Apple's on-device and Private Cloud Compute approach is the most privacy-preserving. The HomePod processes what it can locally. For tasks requiring cloud AI, Apple's Private Cloud Compute runs on Apple Silicon servers with hardware-enforced privacy: Apple cannot access the data, cannot retain it after processing, and publishes the server code for independent audit. The trade-off is that Apple's ambient AI capabilities are years behind Amazon and Google. Privacy and capability are, for now, inversely correlated.
According to Ofcom's 2025 survey, 60% of UK adults express concern about smart speakers listening to them. Yet adoption continues to grow.
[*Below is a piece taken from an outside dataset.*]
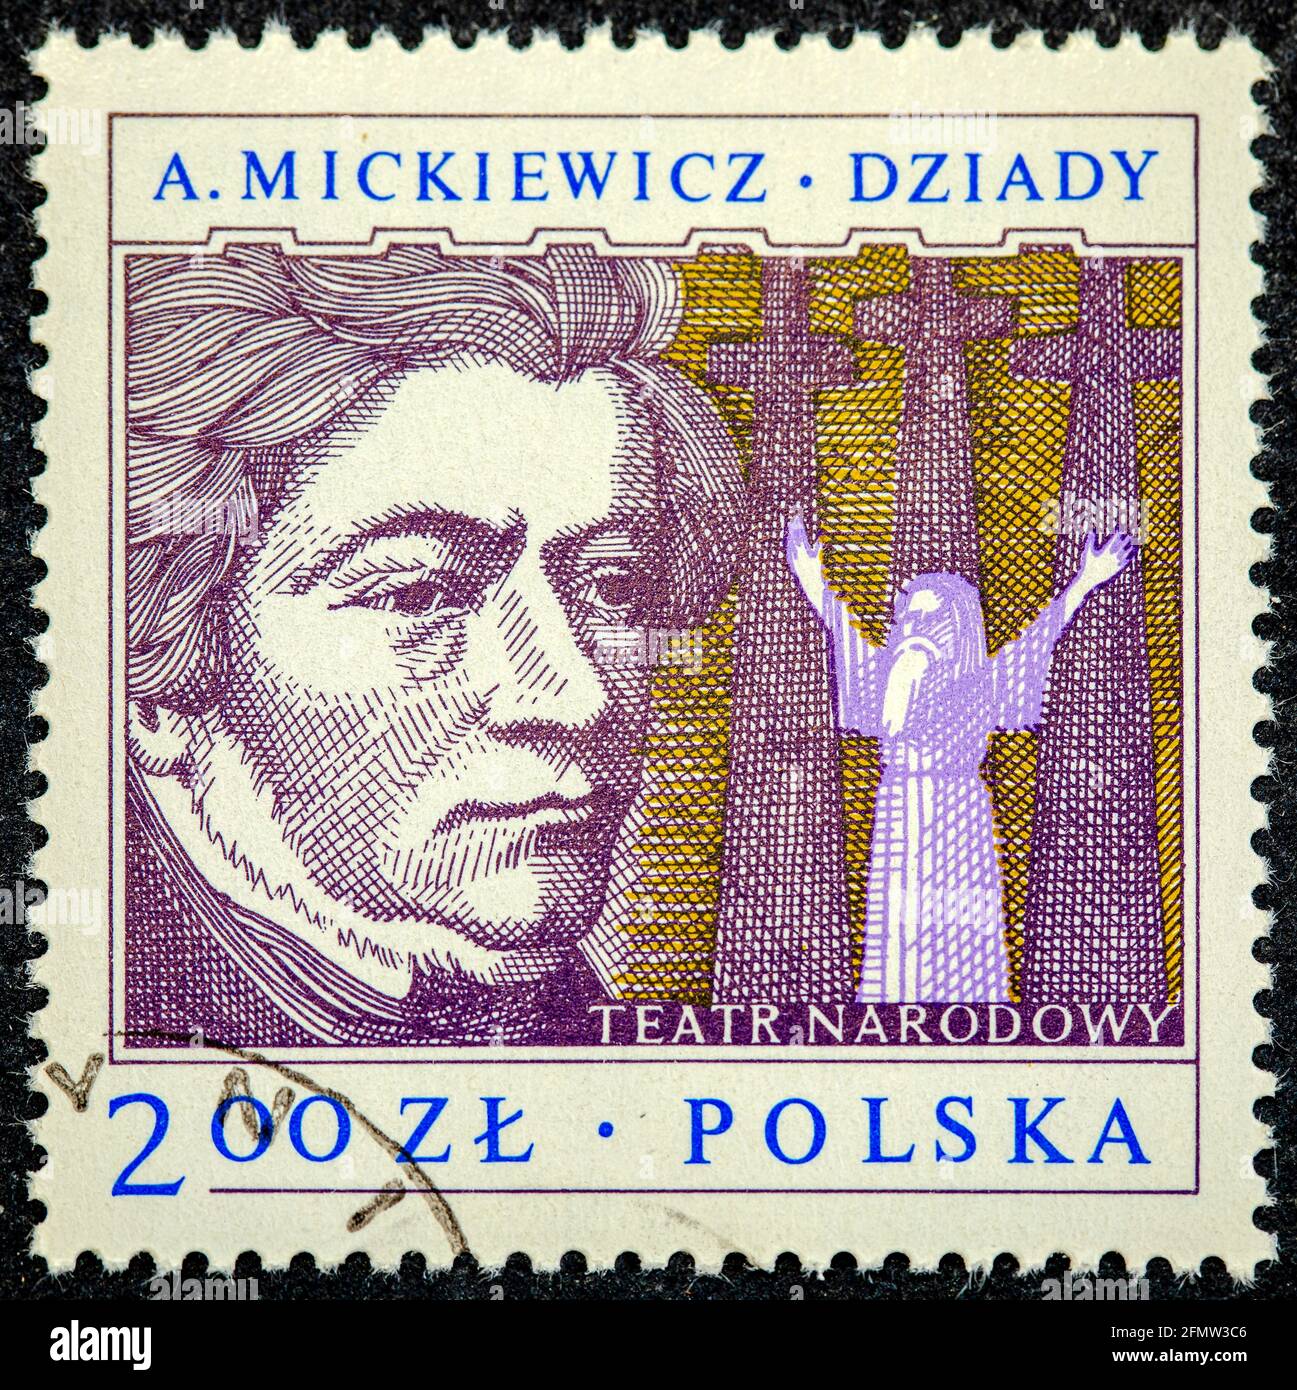 Pologne - Circa 1978: Un timbre imprimé en Pologne montre Adam Mickiewicz, dramaturge polonais, vers 1978 Banque D'Images

This gap between stated concern and actual behaviour is a well-documented phenomenon in privacy research, and it suggests that convenience, when it's compelling enough, overrides privacy anxiety for most people.
The market will almost certainly bifurcate. A premium tier, led by Apple, will offer privacy-first ambient AI with reduced capabilities and higher device costs. A mainstream tier, led by Amazon and Google, will offer maximum capability funded by data collection and subscription revenue. Most consumers will choose the second option, just as they do with smartphones today.
For UK households, GDPR and the ICO provide a regulatory backstop that doesn't exist in the US market. Continuous listening in a home environment raises specific GDPR questions about consent (does every household member consent, including children and guests?), data minimisation (is continuous audio capture proportionate to the service provided?), and purpose limitation (if audio is captured for smart home control, can it be used for advertising?). These questions have not been tested in court, and the answers will shape what ambient AI looks like in the UK versus the US.
The honest reality is this: if you want a smart home that genuinely anticipates your needs, adapts to your habits, and manages your household proactively, you're going to share an enormous amount of personal data with a technology company. The choice isn't between privacy and convenience. It's between different degrees of compromise.